→ **Data segment**
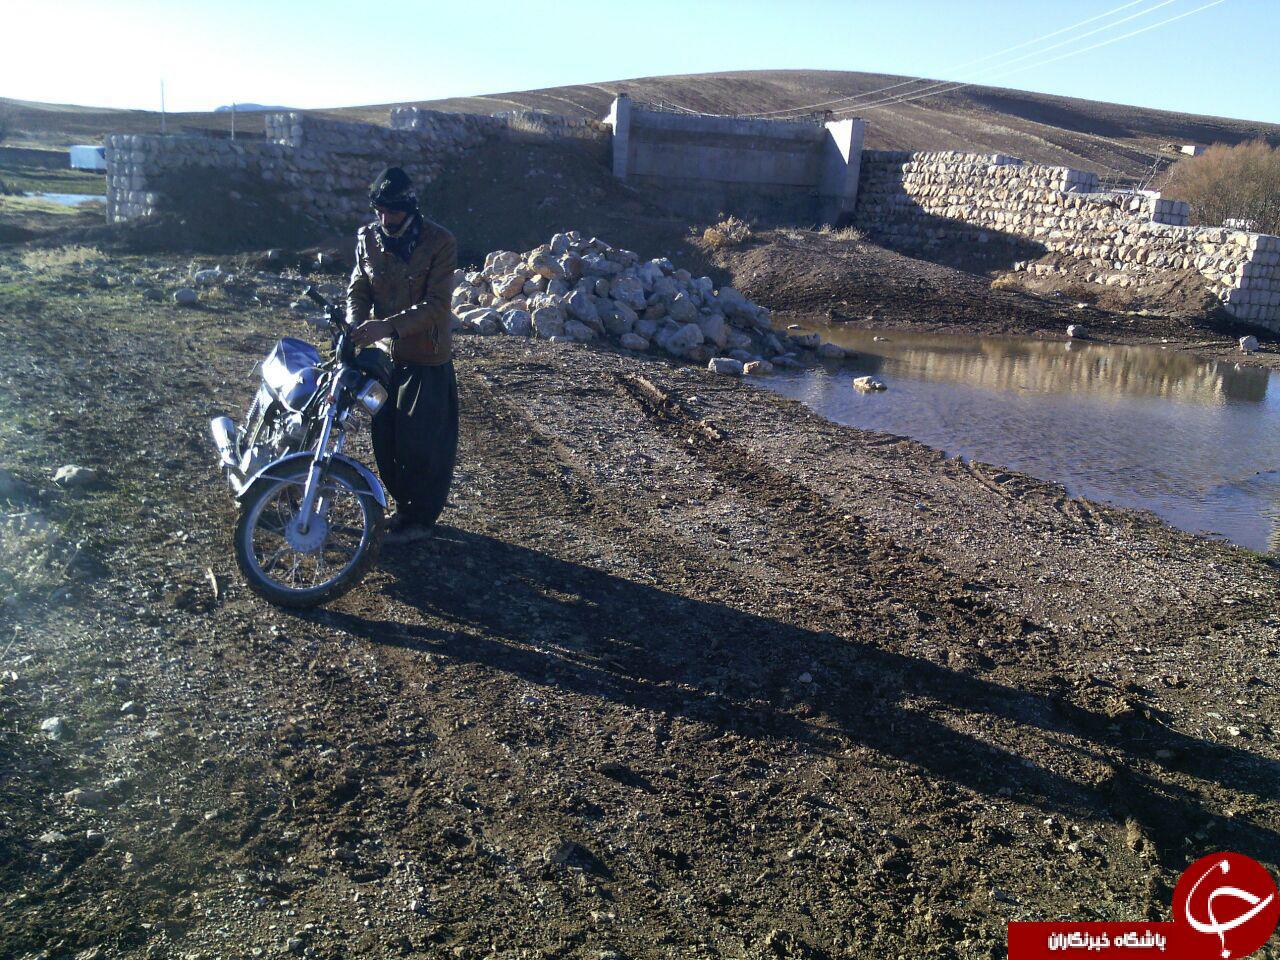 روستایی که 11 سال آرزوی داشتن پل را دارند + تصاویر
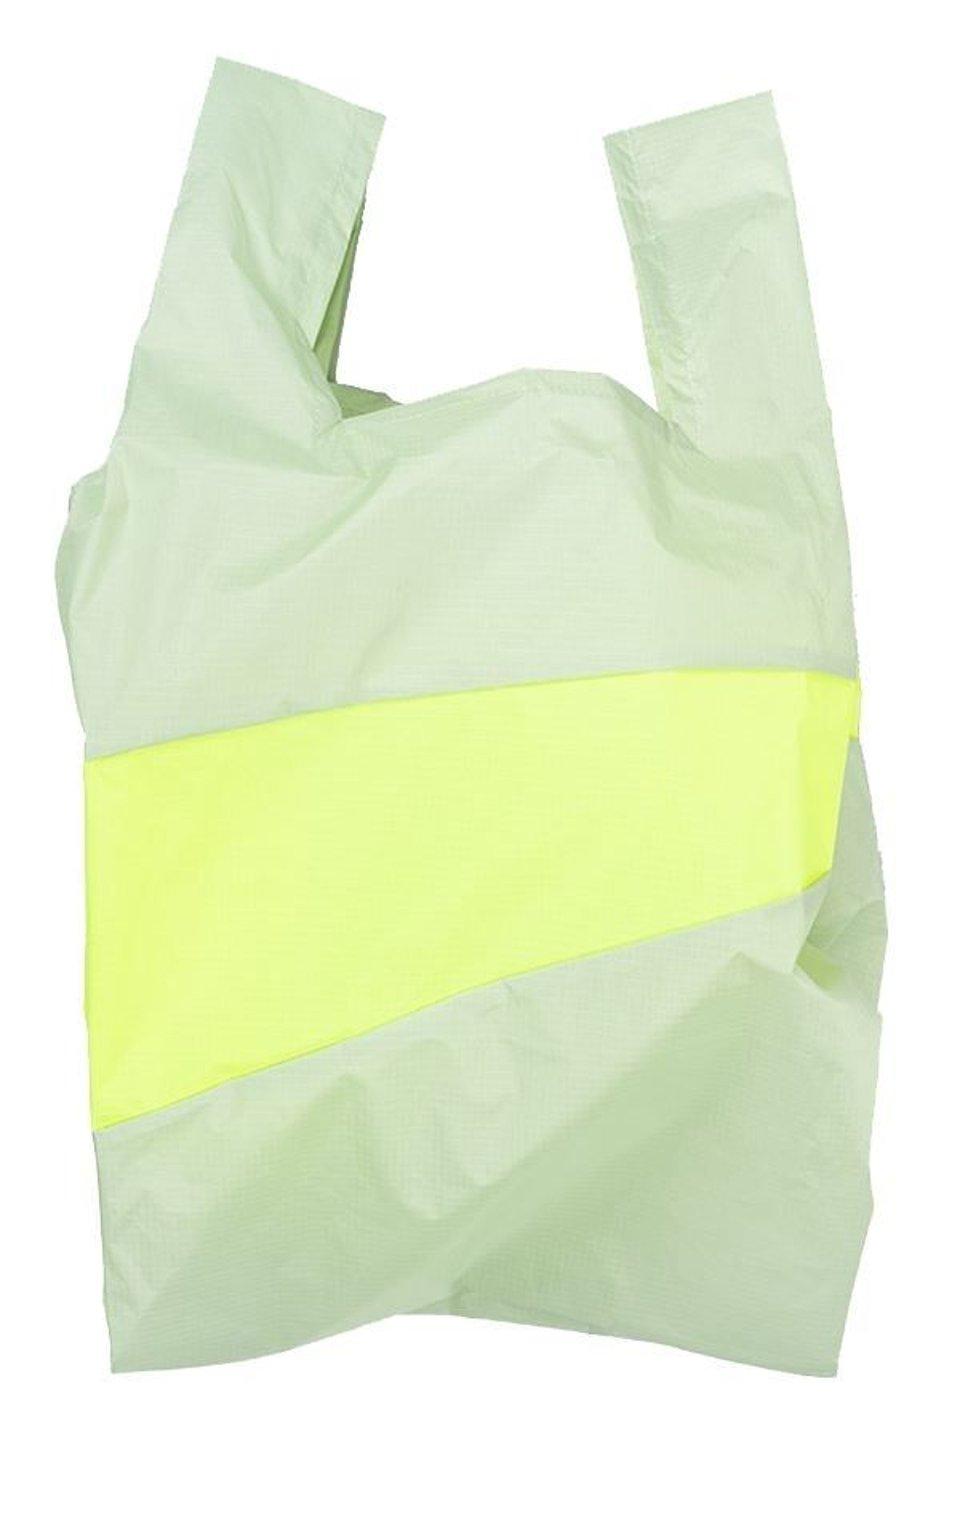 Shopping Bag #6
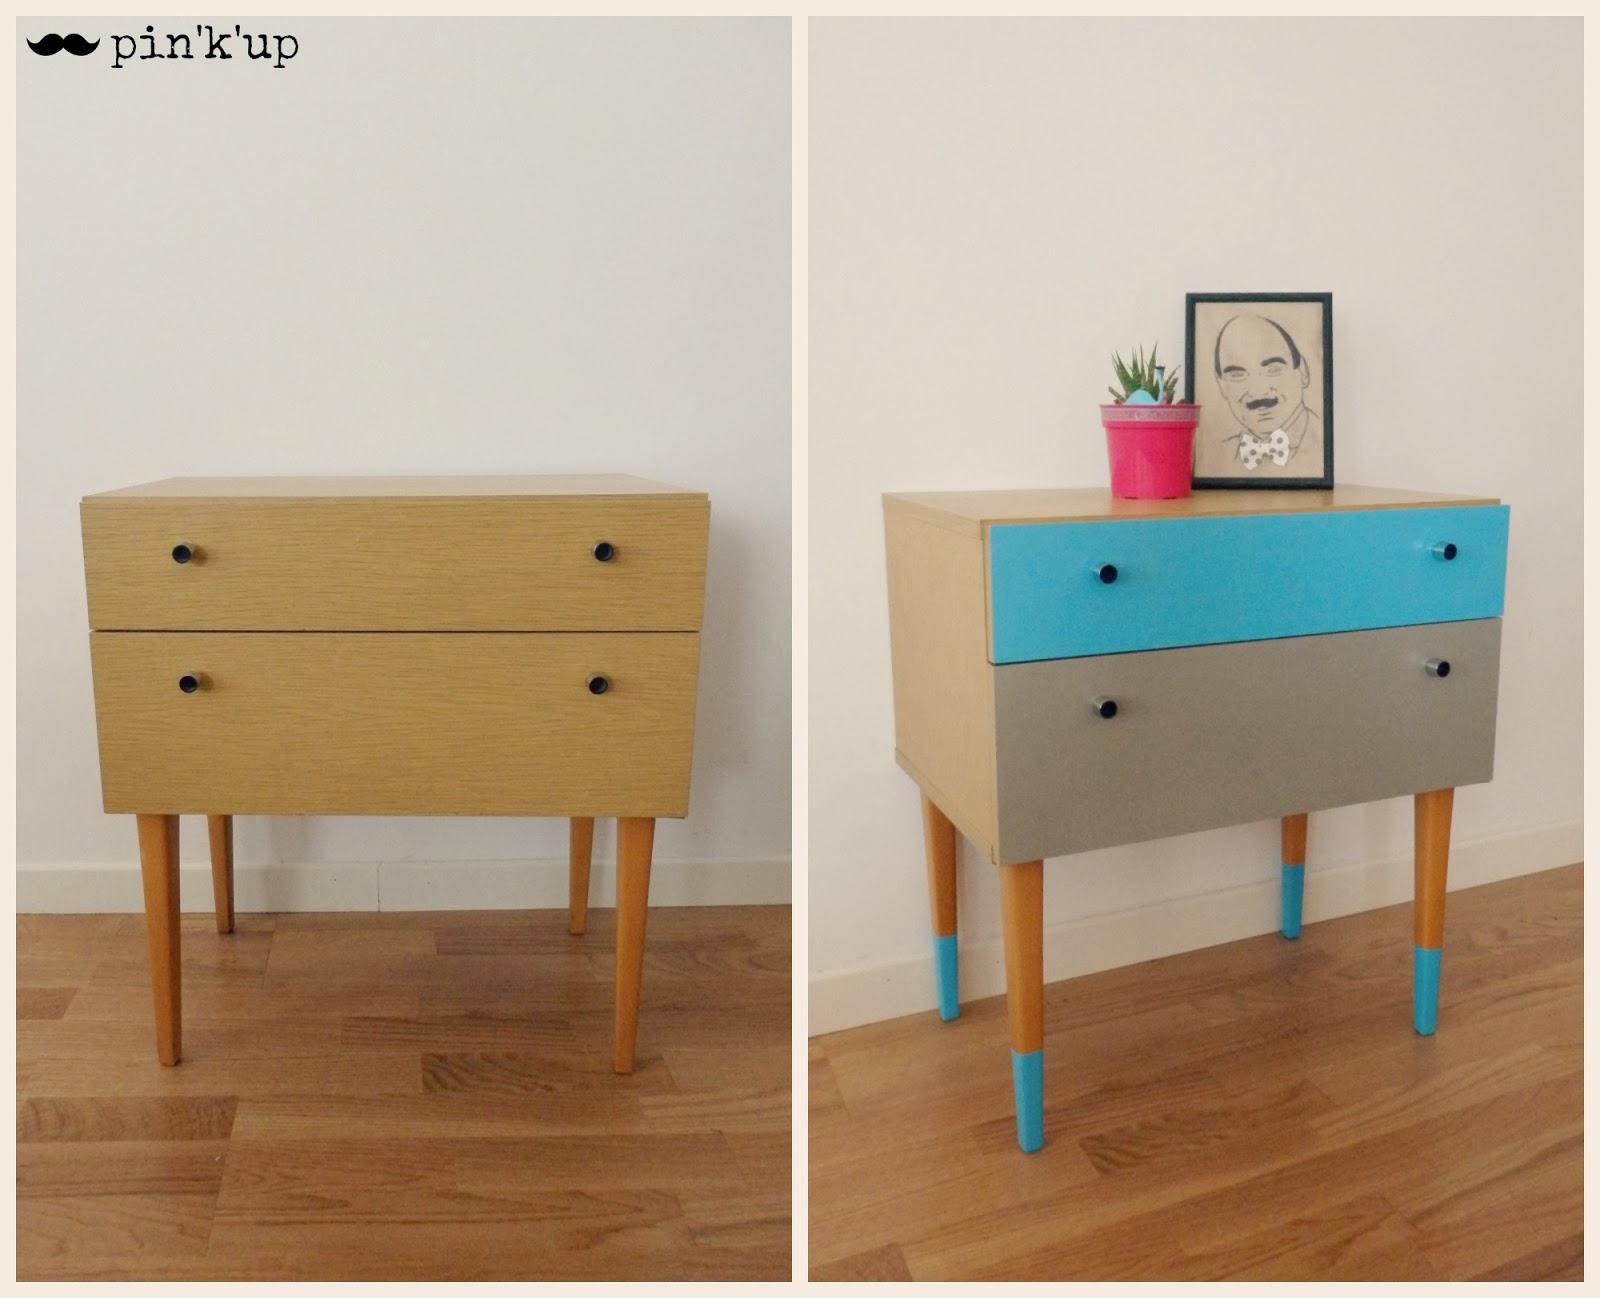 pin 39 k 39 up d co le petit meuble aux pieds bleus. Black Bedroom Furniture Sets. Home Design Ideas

→ **The task**
Every line of the material must be repeated exactly; pictures stay out.

→ **Solved problem**
 روستایی که 11 سال آرزوی داشتن پل را دارند + تصاویر
 Shopping Bag #6
 pin 39 k 39 up d co le petit meuble aux pieds bleus. Black Bedroom Furniture Sets. Home Design Ideas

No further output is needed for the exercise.